In layman’s terms, the second part of that sentence means the hospital purchased equipment — in this case a daVinci surgical robot system and a Dillon scanner — for which they didn’t have enough patients to justify. Like hundreds of thousands of Americans who bought houses they couldn’t afford, Natchez Regional bought more equipment than it could afford.

The second part of the bankruptcy excuse meant the hospital hired doctors — and perhaps paid their support staffs, too — but either couldn’t help them become profitable or just didn’t demand accountability for the number of patients seen, etc. Who knows the cause, but it was clearly a cash drain.

The very next sentence points to Quorum management, presumably referring to the hospital’s former management company Quorum Health Resources, citing the company “expended millions of dollars to recruit, relocate and subsidize physician practices.”

Late in the motion, NRMC suggests they were addressing the problem by terminating four provider agreements — cardiology, vascular surgery, neurology and family practice.

If the “cardiology” agreement references cardiologist Dr. Brad LeMay, the document is misleading. LeMay came to Natchez in 2010, and left, begrudgingly in May 2013. He came to Natchez more than a year after Quorum was ousted.
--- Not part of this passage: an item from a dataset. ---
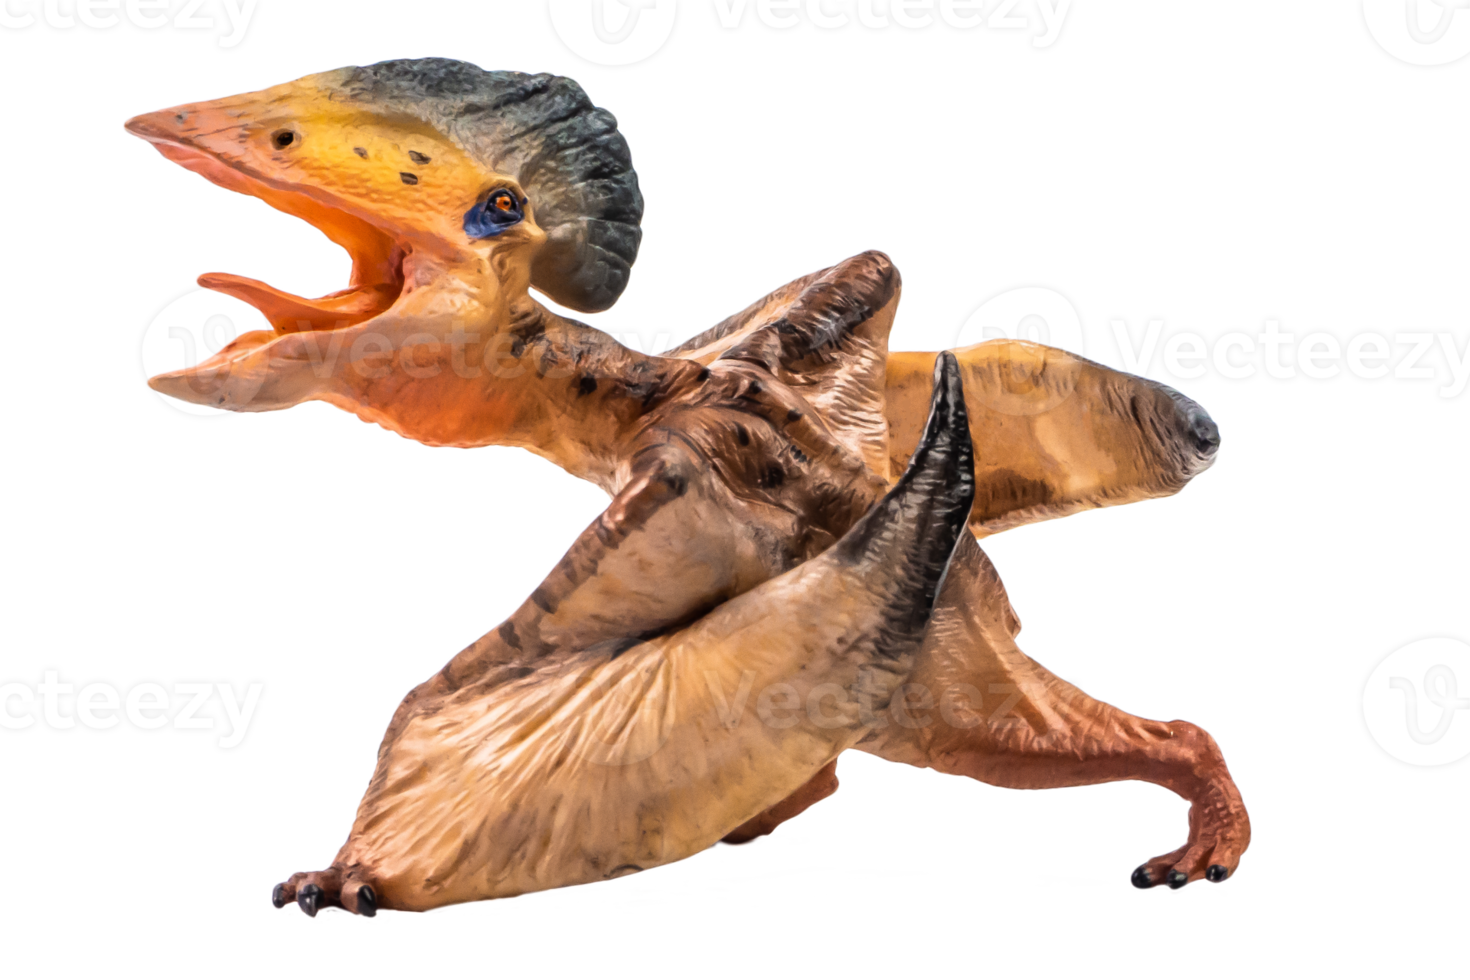 tupuxuara pterodattilo dinosauro su sfondo bianco png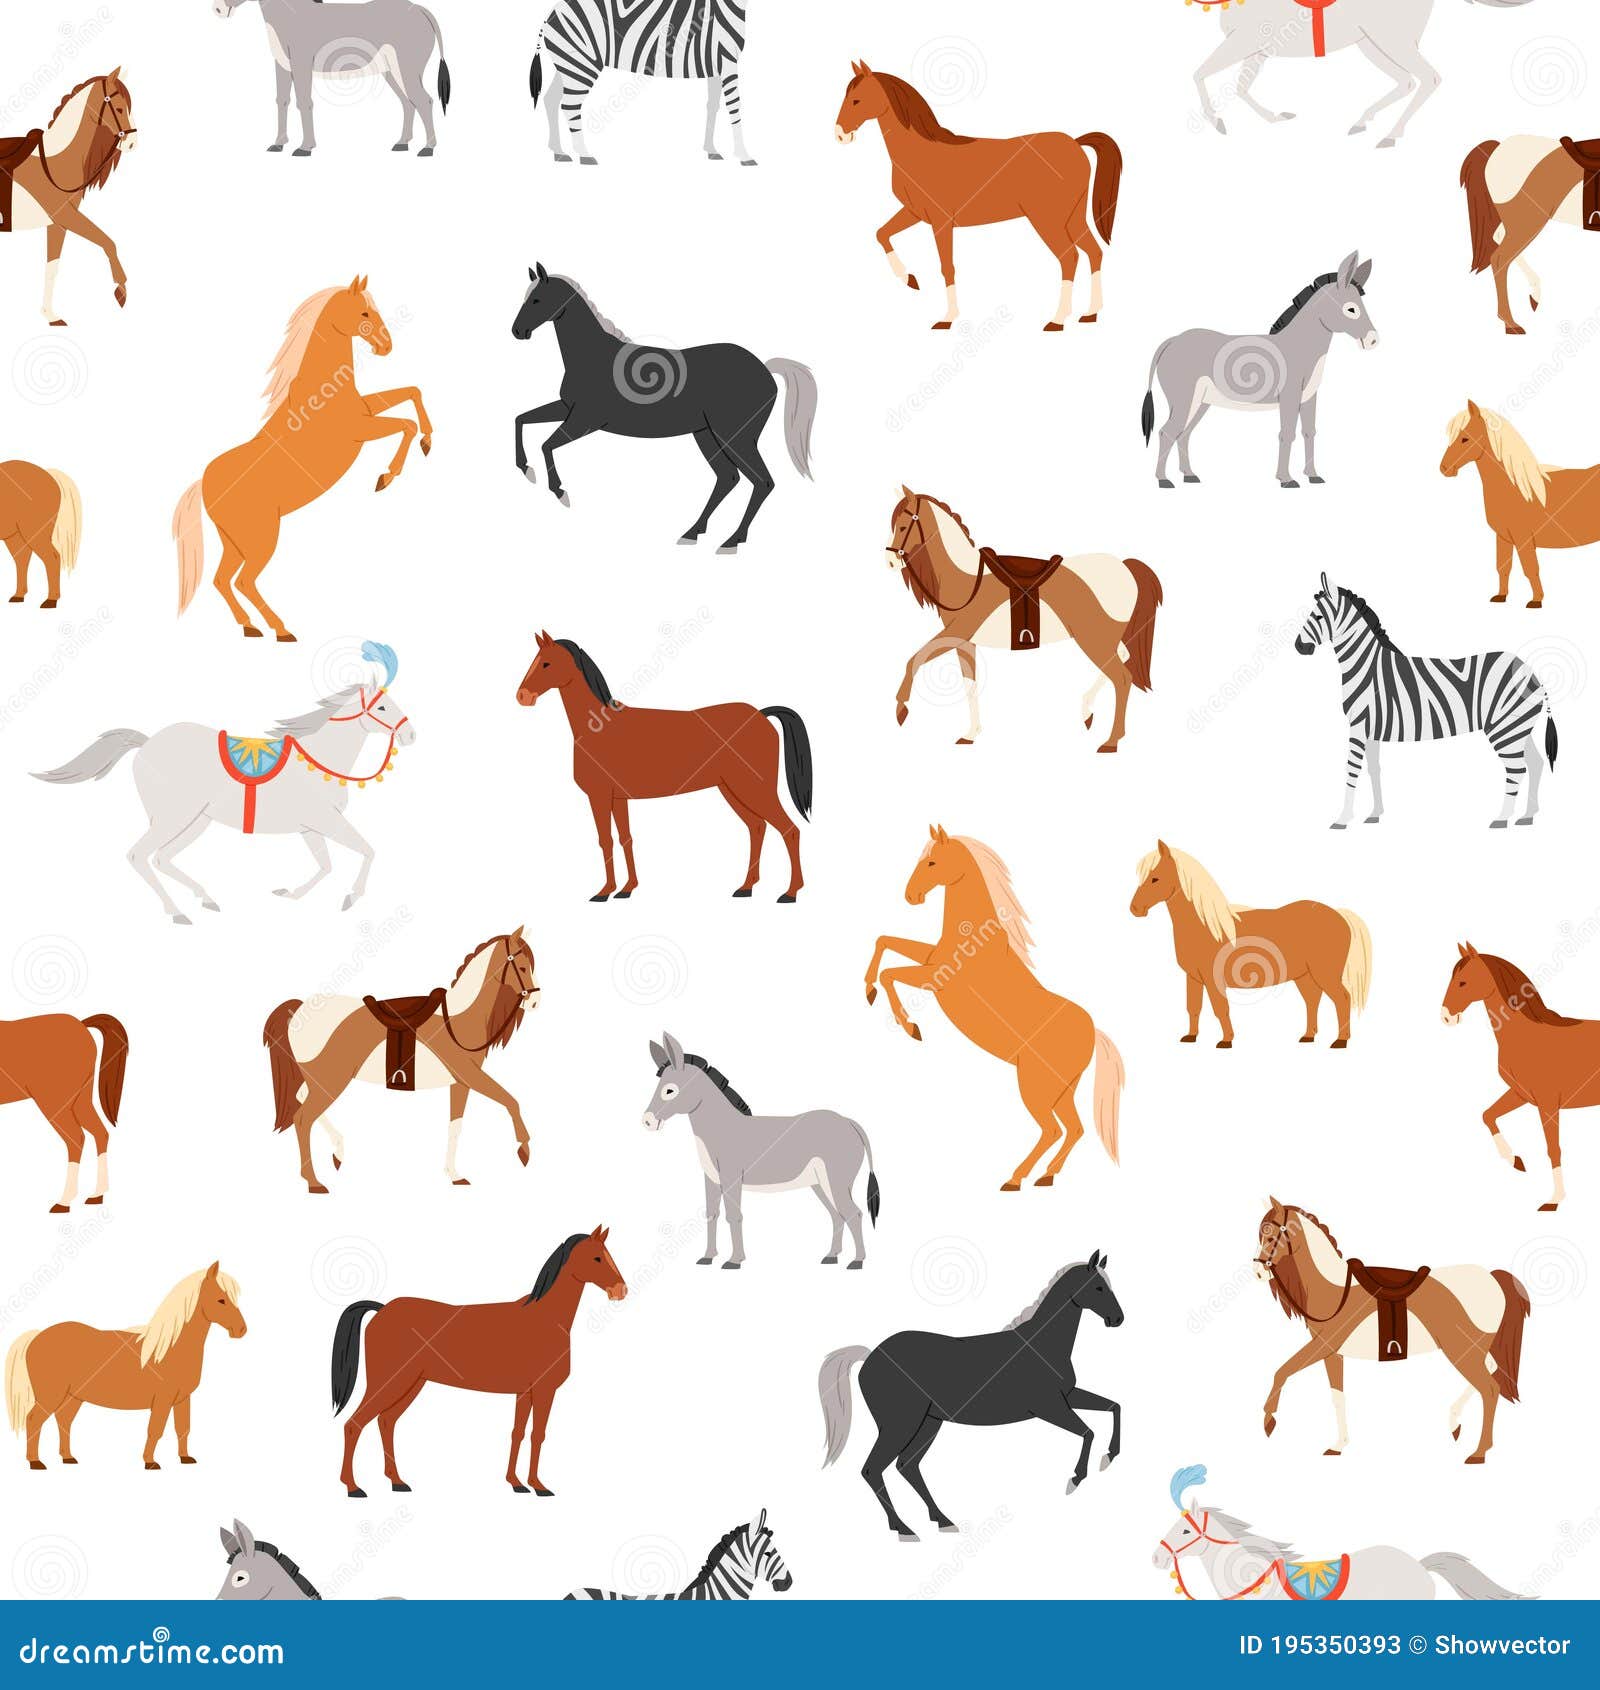 horses seamless pattern  , cartoon flat herbivorous ungulates includes horse, pony, zebra donkey

Without more information, it’s difficult to know the document is, in fact, referring to LeMay’s contract or not. Even if it’s not, however, for the hospital to blame Quorum for the bankruptcy seems completely off base.

If anyone is to blame for the recent financial woes, it would be former CEO Bill Heburn. In corporations and in hospitals, the buck stops at the top. The three people who seemed to know, or should have known, the depth of the problem included Heburn — who left in October — CFO Charles Mock and board attorney Brown.

Since none of them are talking, the hospital’s owners are left to sift through court paperwork and ask: How could this have happened when professionals were supposed to be watching?